▸ What is expected
Set down the data below in full and exactly, minus the pictures.

▸ Dataset content
——————
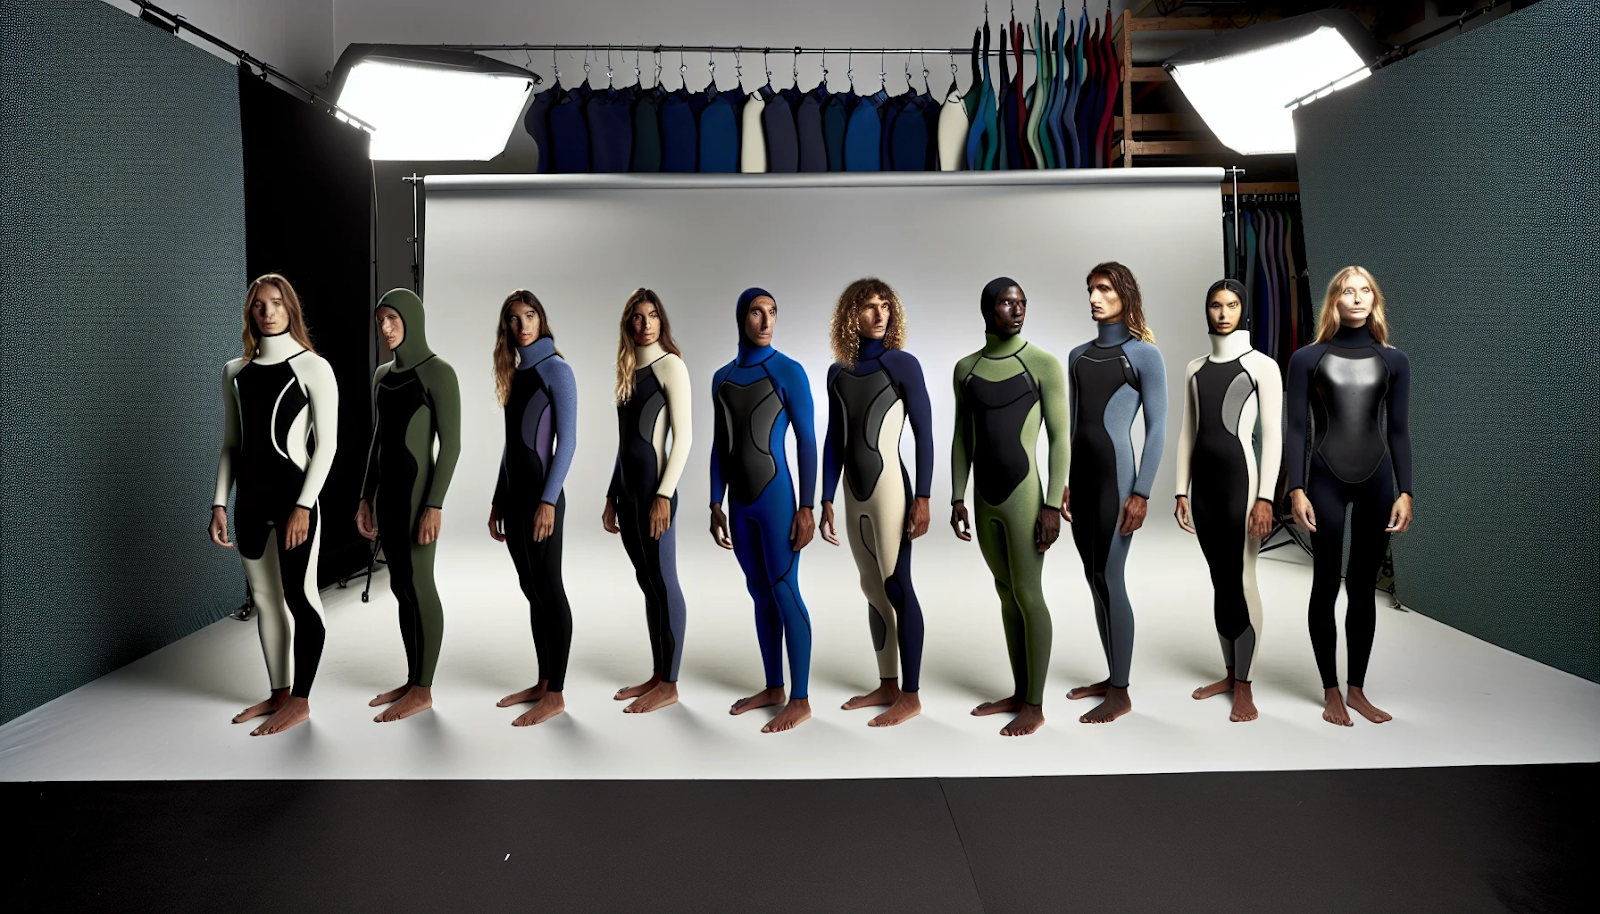 A collection of eco-friendly wetsuits made from alternative materials to traditional neoprene
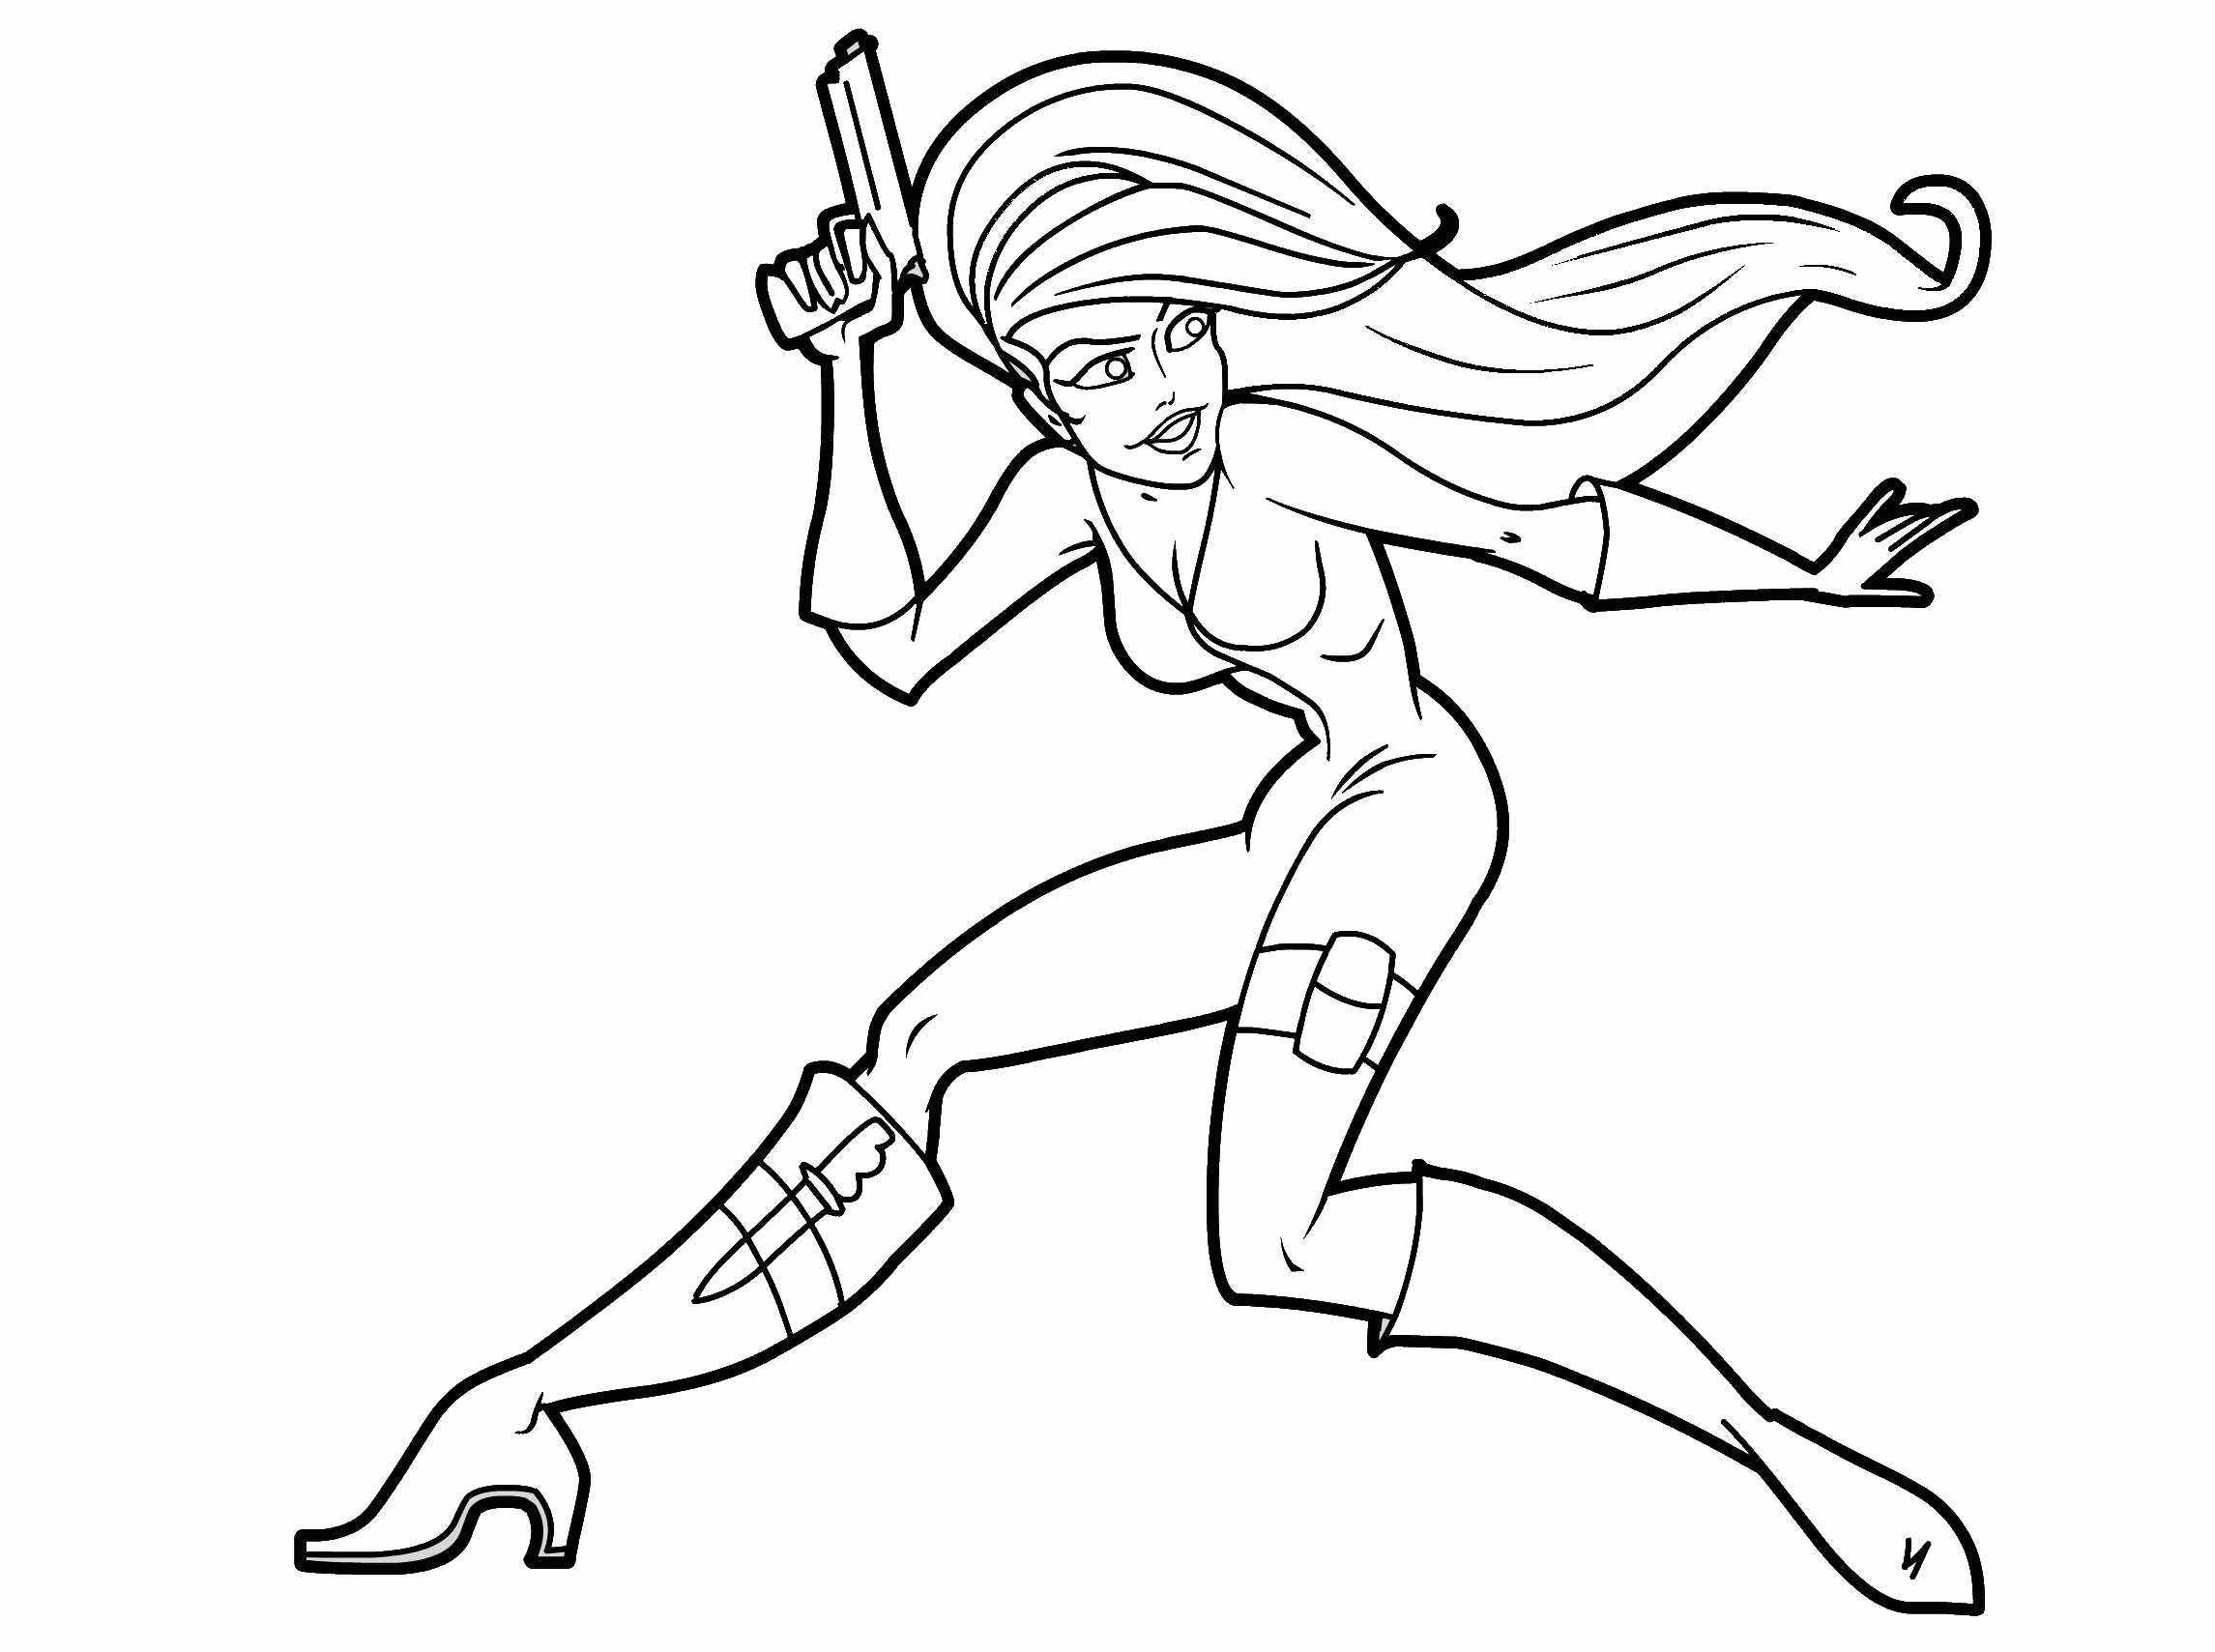 Spy coloring pages to download and print for free
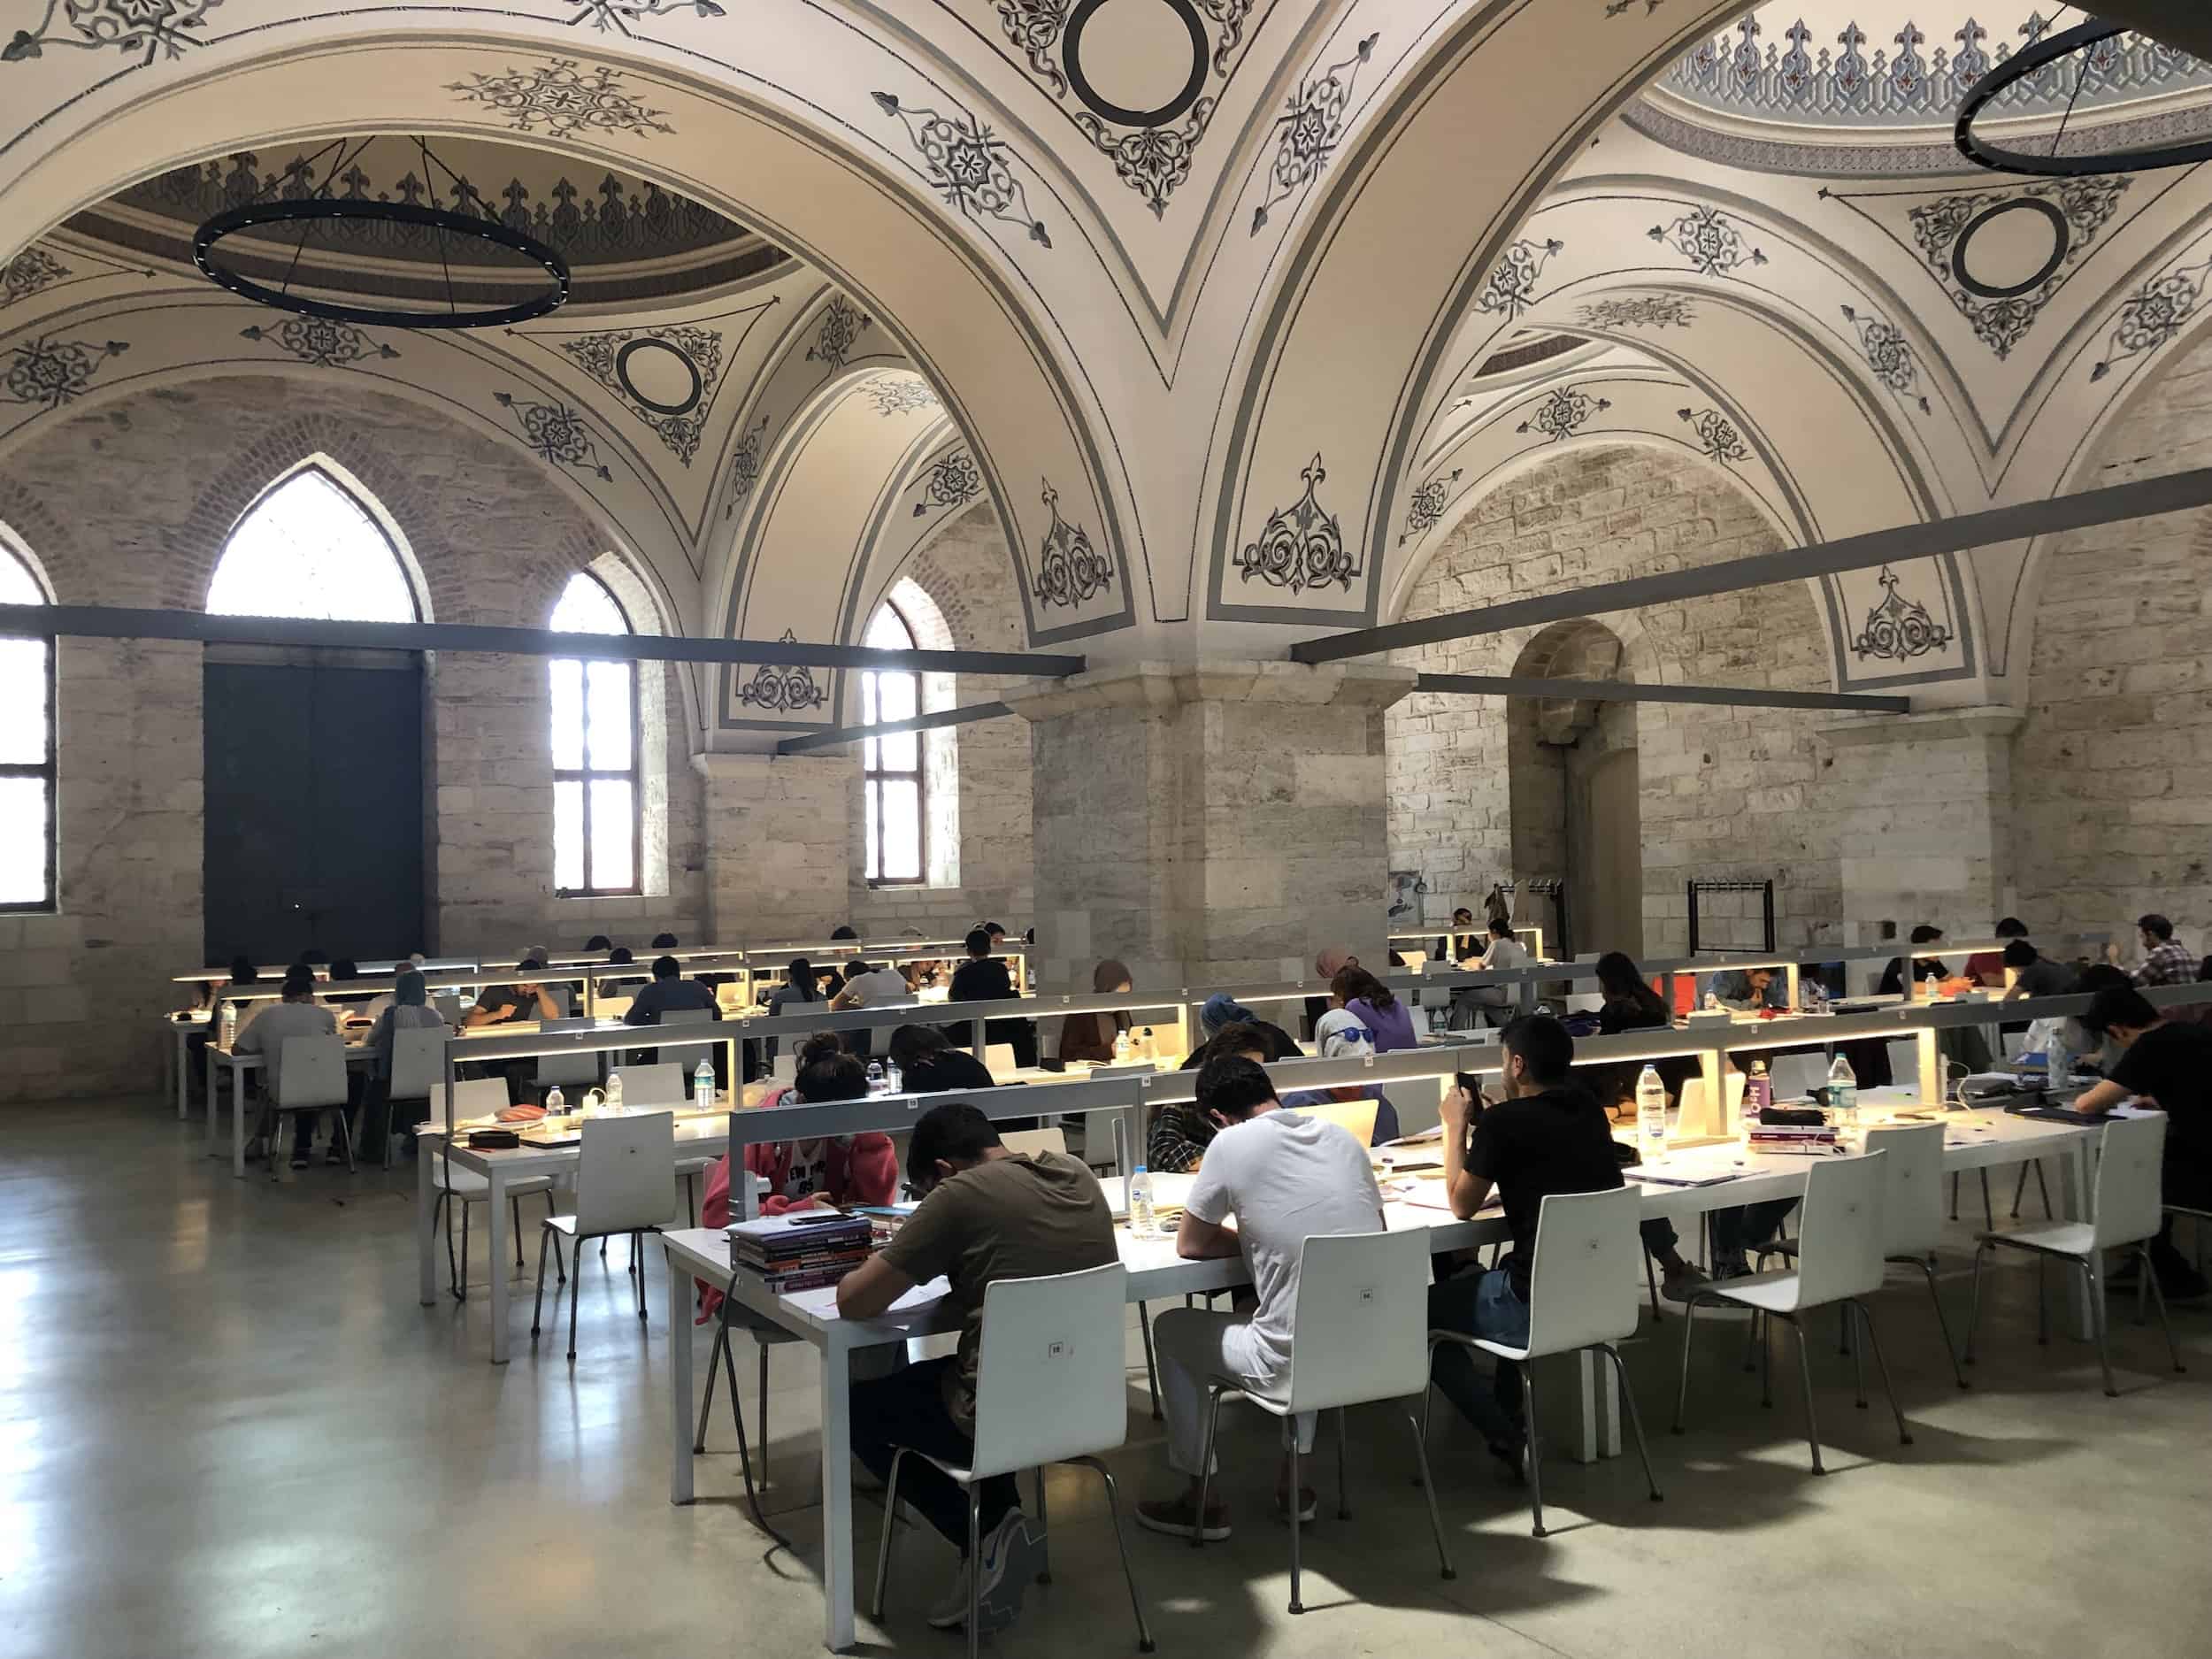 Reading room of the Beyazıt State Library on Beyazıt Square in Istanbul, Turkey
——————
▸ Task output
 A collection of eco-friendly wetsuits made from alternative materials to traditional neoprene
 Spy coloring pages to download and print for free
 Reading room of the Beyazıt State Library on Beyazıt Square in Istanbul, Turkey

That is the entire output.